Mar. 19, 2016 10:21am Carly Hoilman
6.5K

Following Fox News’ open statement against Donald Trump’s “extreme, sick obsession” with journalist Megyn Kelly, Glenn Beck released his own open letter to the Republican presidential front-runner.
Fox’s statement, issued Friday, came after Trump unleashed a series of statements attacking Kelly, calling her “crazy Megyn” and urging his supporters to boycott Kelly’s show.

AP Photo/John Minchillo

“Never worth watching. Always a hit on Trump! She is sick, & the most overrated person on tv,” he tweeted.
In his letter, Beck defended Kelly as a public figure who is “brilliant, honest and brave.”
Referring to Trump’s ongoing attacks on “The Kelly File” anchor, he wrote, “Donald, She is a journalist. This is what they do. You don’t like her questions? Fine. Grow up.”
Beck compared America’s overwhelmingly enthusiastic response to Trump’s politics to an abused spouse’s relationship with an abuser.
“I will gladly take a stand against bullies and men who abuse women,” he wrote. “I will happily stand in line to protect anyone from abuse.”
“But, maybe you don’t care, because you deliver your beatings in broad daylight and in full view, daring us to stop you, Beck continued. “We don’t because our country is sick.”
Beck then suggested that many Americans are suffering from “battered spouse syndrome.”
After a long period of suffering under “those in Washington and in the media [who] have been verbally and sometimes physically abusing the American people for years,” Beck suggested that Americans are flocking to an even “bigger abuser.”
“‘America, you are better than this,’ is what she needs to hear,” the letter continued. “But as always, the abused always breaks it off with an abuser only to find a bigger abuser. It is their comfort zone.”
“You, Mr. Trump, know this. It is why you chose this time and this party.”
Read the entire letter below:

Donald,
I read your string of really sad and sick tweets against Megyn Kelly. First let me say this:
Leave Megyn Kelly ALONE.
She is brilliant, honest and brave.
I can only imagine the amount of security this mother of three now needs because Donald Trump has gone over the edge with some revenge drama just because she asked a fair question almost half a year ago!
Should a presidential candidate be so thinned skin that he must belittle, abuse and threaten women?

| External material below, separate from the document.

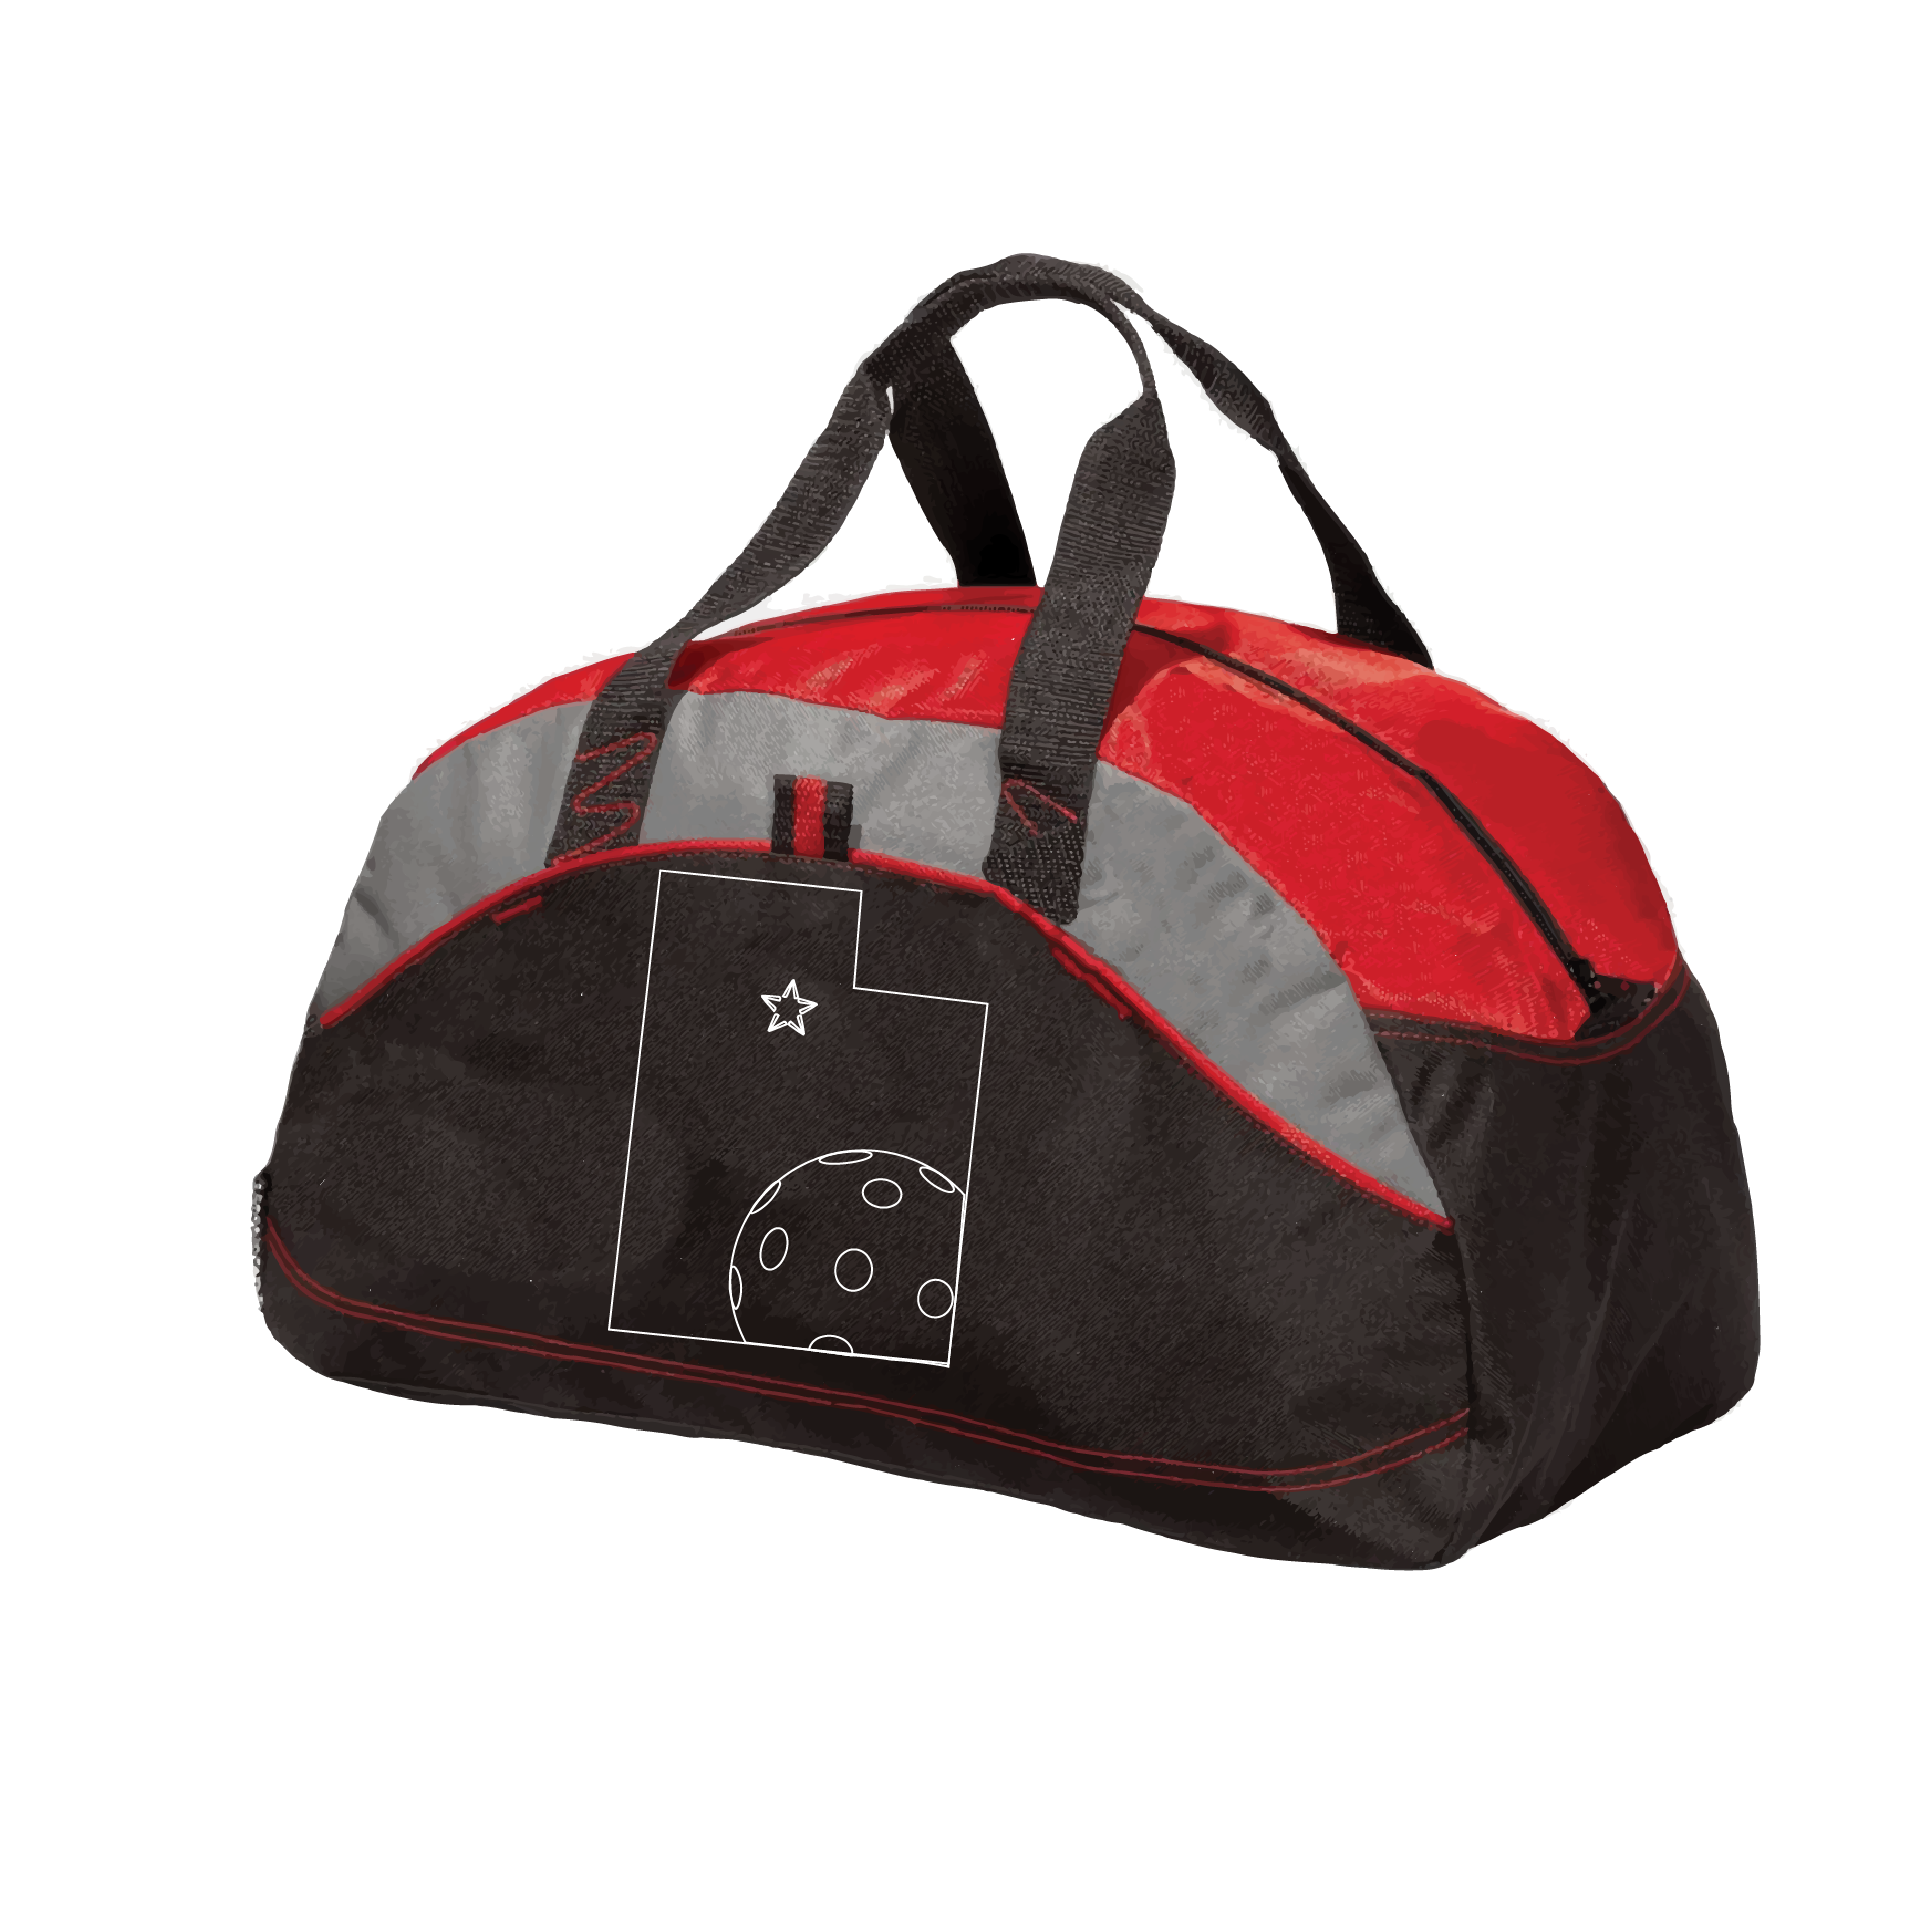 Pickleball Duffel Bag Design: Utah with Ball  Carry your gear in comfort and style. This fun pickleball duffel bag is the perfect accessory for all pickleball players needing to keep their gear in one place. This medium sized duffel tote is ideal for all your pickleball activities. The large center compartment allows for plenty of space and the mesh end pocket is perfect for holding a water bottle.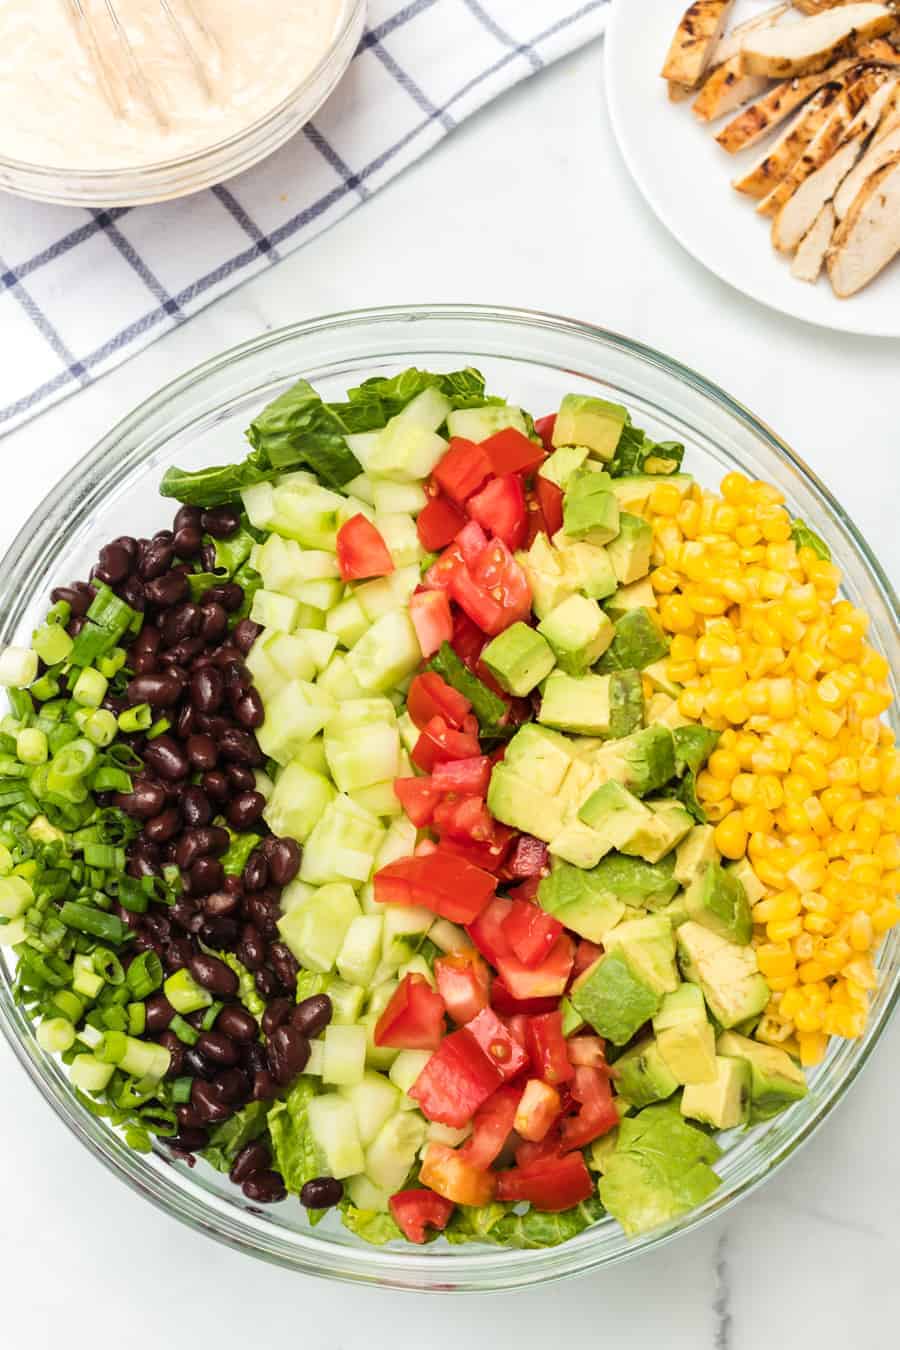 Barbecue ranch chicken salad is the most flavorful salad you'll ever eat, complete with a smoky and sweet dressing, grilled chicken, avocado, tomato, corn, romaine, and a whole lot of other vibrant veggies.

Will we really for vote you? A man who abuses anyone who doesn’t kiss his ring?
I know I will not.
Donald, She is a journalist. This is what they do.
You don’t like her questions? Fine.
Grow up.

Many of us have problems with the press. I have been asked questions much worse than what you were asked. For years.
The people know bias, and I am afraid in your case, eventually, the people recognize sickness.
Get ahold of yourself and stop preying on the worst in man. A real leader lifts people up, he doesn’t tear them down.
I know what I will get from you and your supporters because I dare speak out against you.
I know that your followers will write vile and hateful lies about me for this post. They will claim, I am a sellout or I have a vendetta against you. Read the posts below and see if they don’t belittle and deflect.

So be it.
I will gladly take a stand against bullies and men who abuse women. I will happily stand in line to protect anyone from abuse.
I have done it before. And the abuser and enabler said that the entire family was wrong and that we had a vendetta. It is what always happens in cases of domestic abuse.
It was the hardest thing I have ever had to do, but I stood up in my own family. And someone needs to do it now.
You see Don, I know who you are because I have seen your type before.
Verbal abuse is just as bad as physical abuse. But, men, like those who abused the women in my family were smarter, like you, than the man who used to beat my mother.
Words, most think, don’t leave marks.
But, maybe you don’t care, because you deliver your beatings in broad daylight and in full view, daring us to stop you.
We don’t because our country is sick.
We, as a nation, have battered spouse syndrome. We no longer know who we really are, many have given up and a few are about to light the bed on fire.
We have been told that we are no good, hateful, bigots, worthless and powerless by more subtle abusers before you.
Those in Washington and in the media have been verbally and sometimes physically abusing the American people for years. Mostly to cover the trail of who they have been sleeping with while lying to us.
We are weak, but those of us who see it must begin to stand and offer help and healing for the abused and abusers.
“America, you are better than this” is what she needs to hear. But as always, the abused always breaks it off with an abuser only to find a bigger abuser. It is their comfort zone.
You, Mr. Trump, know this. It is why you chose this time and this party.
You also know that some of us are on to you. It is why you poison the enablers against us and isolate the victims.
I am not a doctor. But I am a survivor and I would bet a specialist in domestic violence would agree that the pattern is here.
Your rage is terrifying to some.
You should know:
—you don’t frighten me and my guess is you don’t frighten Megyn.
We know what a little man you are. Women are more than a “tight piece of @ss!” As you have called them.
Megyn is a mom, wife and someone’s daughter. And if I may, the Bible that you so cherish also explains that she is a daughter of God.
Are we as a people not going to stand up for women being abused? I am not sure, but I want you to know, Mr Trump, that I will stand against abuse and my guess is millions of survivors will as well.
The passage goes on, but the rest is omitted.